Jakarta, Aktual.com – Badan Koordinasi Penanaman Modal (BPKM) mengkritisi sikap kementerian lain yang justru banyak menerbitkan regulasi penghambat masuknya dana-dana investasi, terutama dari luar negeri atau penanaman modal asing (PMA).
Kondisi itu membuat pertumbuhan laju investasi khususnya untuk PMA di kuartal I-2017 relatif stagnan. Selain masalah fluktuasi, nilai tukar juga terhambat oleh adanya regulasi yang tak bersahabat.
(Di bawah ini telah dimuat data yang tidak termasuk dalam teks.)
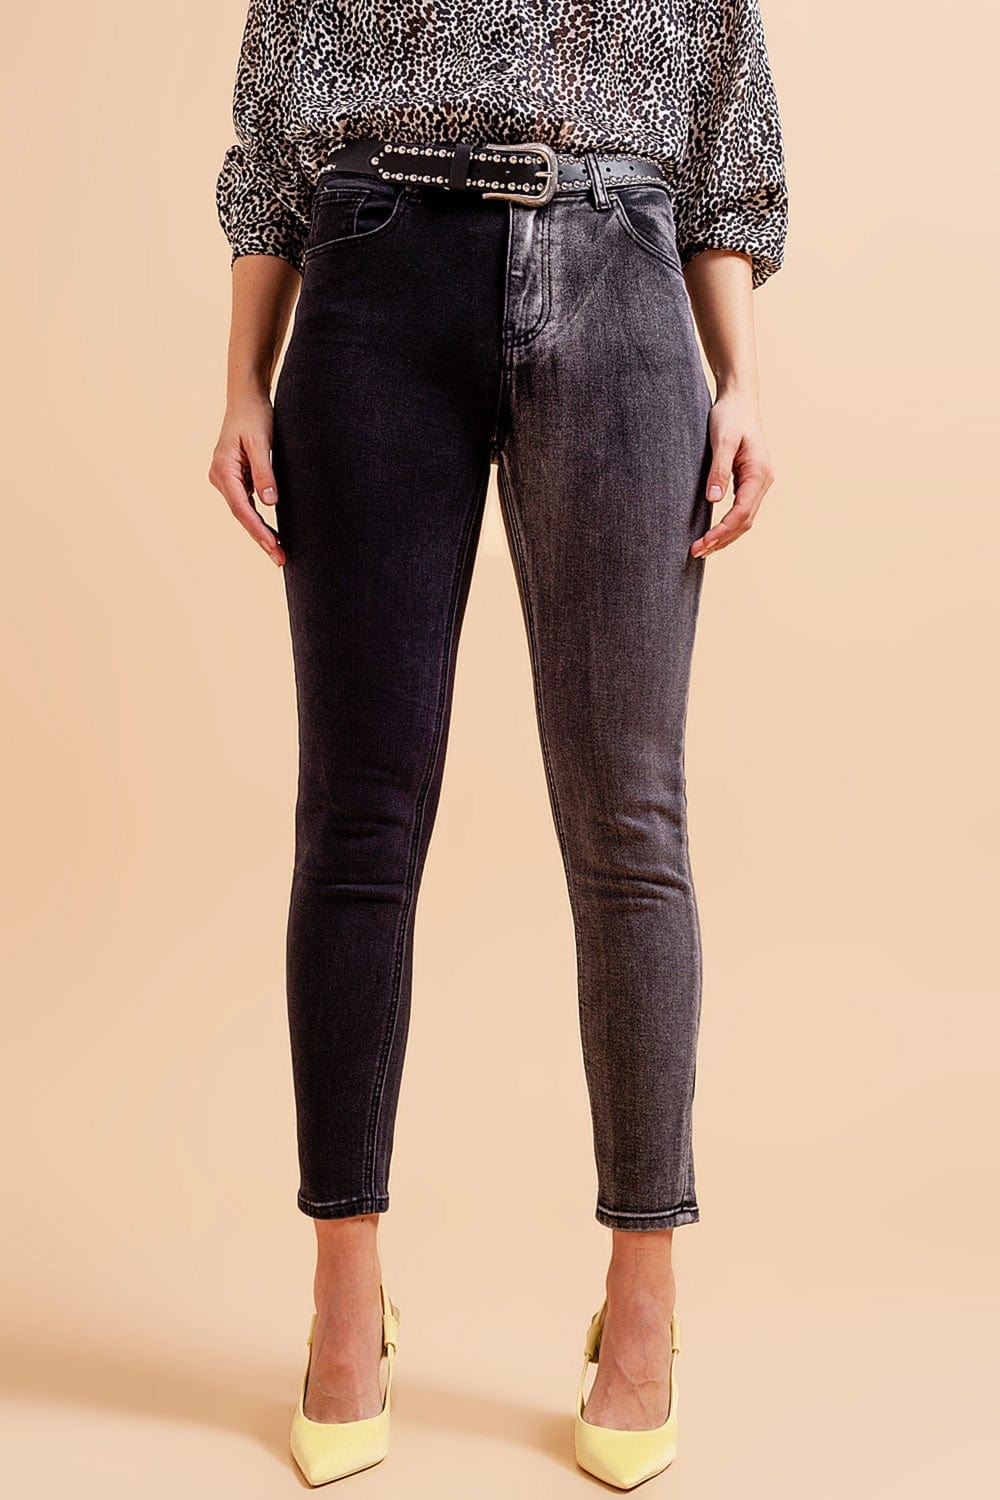 Q2 Women's Jean Jeans in Color Block Grey and Black

“Dalam beberapa bulan ini, ada sebanyak 23 Permen (Peraturan Menteri) yang cenderung menyulitkan bisnis dan investasi. Padahal, Pak Presiden di Istana awal pekan lalu membahas secara serius. Bagi saya yang bagian dari pemerintah, deregulasi dan rasonalisasi perizinan itu penting sekali,” jelas Kepala BKPM, Thomas Lembong, di Jakarta, Rabu (26/4).
Menurut Lembong, masalah pertama PMA yang lajunya stagnan di Kuartal I-2017 ini karena masalah kurs atau nilai tukar. Rupiah sering melemah sehingga nominalnya jadi sedikit.
“Risiko yang utama adalah karena masih kendornya semangat deregulasi dan masih berkurangnya momentum reformasi ekonomi,” keluh dia.
Pihaknya mencatat, dalam tempo 4-5 bulan terakhir, di saat pemerintah pusat tengah gencar melakukan deregulasi, namun ternyata banyak lahir regulasi baru dan aturan perizinan baru.
“Bukannya mengurangi atau menyederhanakan regulasi, malah menambah regulasi yang menghambat investasi,” kritik Lembong.
Untuk itu, kata dia, perlu ada perhatian serius dan istimewa dari pemerintah agar semangat deregulasi tak lagi kontraproduktif.
“Masalah selanjutnya memang kondisi yang terjadi di negara asal. Beberapa negara yang menurunkan investasinya. Tapi khsusus untuk China kami mencatat pertumbuhannya kian tinggi. Tapi sayangnya karena masalah regulasi yang menghambat kita masih kalah dari negara tetangga (untuk menarik investor China),” tandas dia.
Jika dilihat dari negara asal, dalam lima besar investasi dari Singapura masih yang tertinggi mencapai US$ 2,1 miliar atau 28,2 persen. Kemudian Jepang (US$ 1,4 miliar atau 19,2 persen), China dan Amerika Serikat yang sama-sama mencapai US$ 600 juta atau 8,2 persen, dan Korea Selatan (USD400 juta atau 5,8 persen).